While a significant amount of venture capital $s has been deployed to software businesses post-2000s, Frontier Tech opportunities have also begun to attract mainstream funding from corporate, venture capital, sovereign wealth, and private equity investors.
Over the last decade, Frontier Tech companies have increased their share of venture capital funding from ~10% to 20%. All the while, the overall VC funding has also grown from ~US$127B/yr to ~US$285B/yr.

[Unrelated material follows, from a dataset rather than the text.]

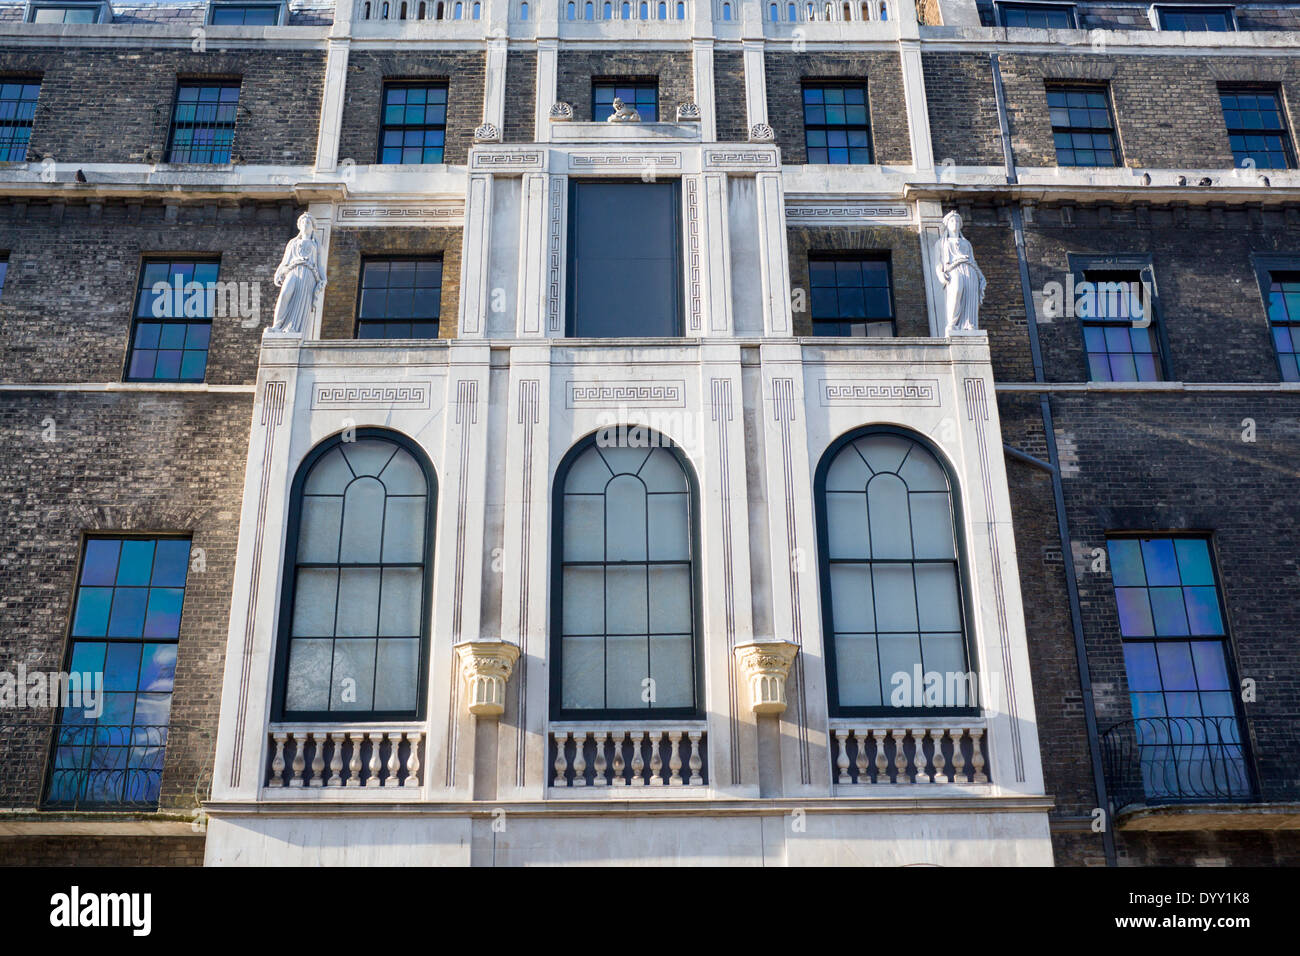 Exterior of Sir John Soane's Museum Lincoln's Inn Fields Inns of Court London England UK - Stock Image
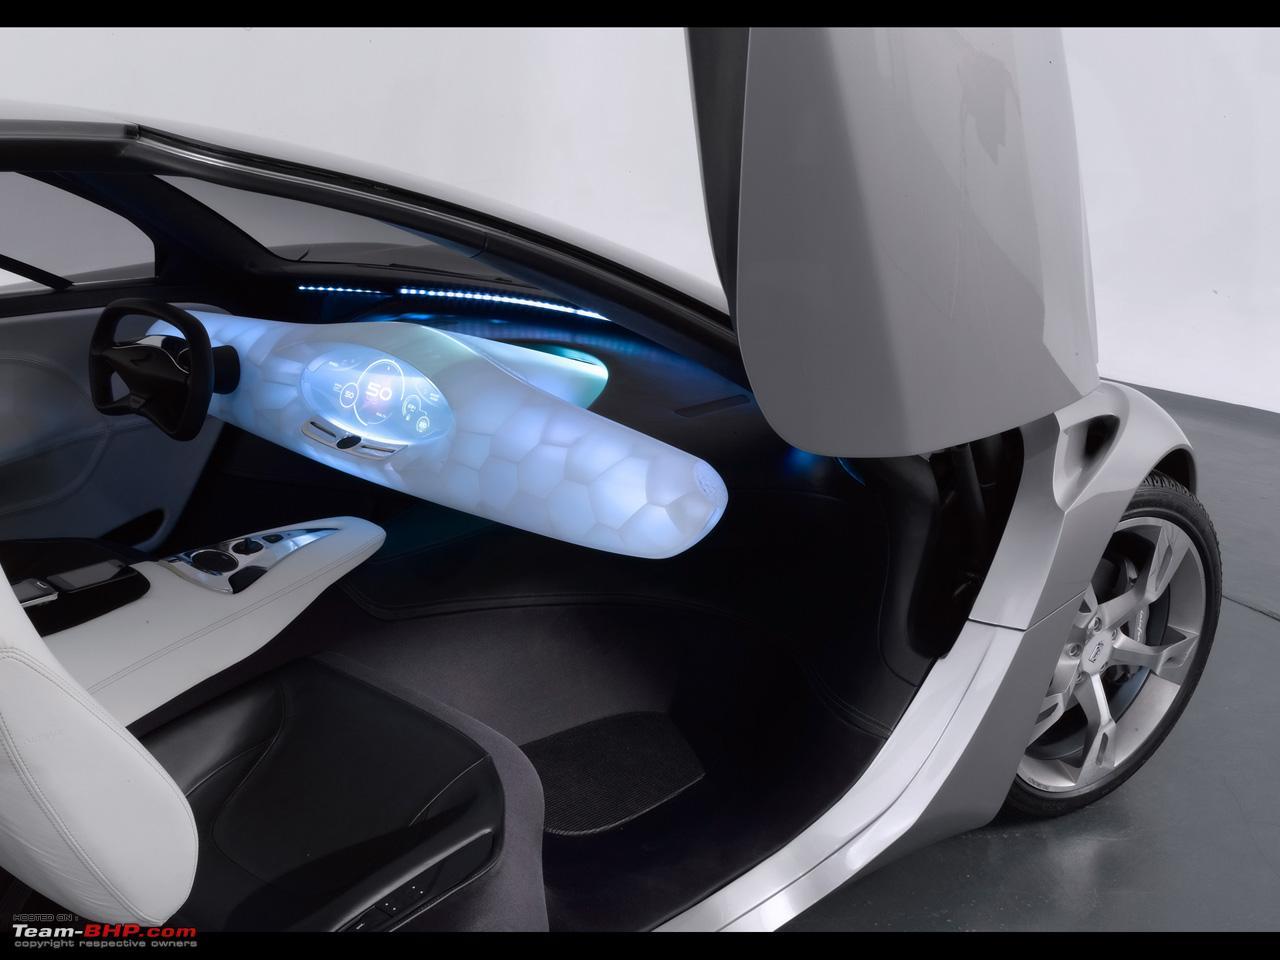 Wpływ Oświetlenia Wnętrza Samochodu Na Bezpieczeństwo Jazdy

Investors often worry about the viability of Frontier Tech investments, questioning if they can generate returns within the venture time frame and find a relevant exit strategy. However, according to a study by BCG, these concerns have notably diminished. There is a little difference in the percentages of traditional and Frontier Tech venture investments that cashed out via corporate acquisitions (~53% and ~51%, respectively), IPOs (~36% and ~31%), and private equity buyouts (~7% and ~3%). The average IRR-based outcomes have also remained in a similar range. Arguably, the Frontier Tech category has produced standout companies, indicating that venture-expected outcomes are very much possible.
Fig 2
At Lightspeed, we’ve supported various companies and founders worldwide, including in India going after really hard problems. We have invested ~US $1.9B in the Frontier Tech Category across 92 companies. Some notable names are Anduril, Ultima Genomics, and Pixxel Space. We believe that India can also be a fertile ground for such opportunities. In this blog, we explain our view of the landscape and how entrepreneurs can tap into these vast opportunities — in Defense, Robotics, CleanTech, SpaceTech and AI Infrastructure.
Fig 3
Defense Tech
State of the Union The defense tech category encompasses communications technology, AI/ML, computer vision systems, cybersecurity, and more. Lightspeed has made significant investments in cybersecurity companies, expected to play a key role in protecting national assets, and is an investor in the leading global defense tech startup, Anduril. Historically, innovation in the defense industry has been led by hardware.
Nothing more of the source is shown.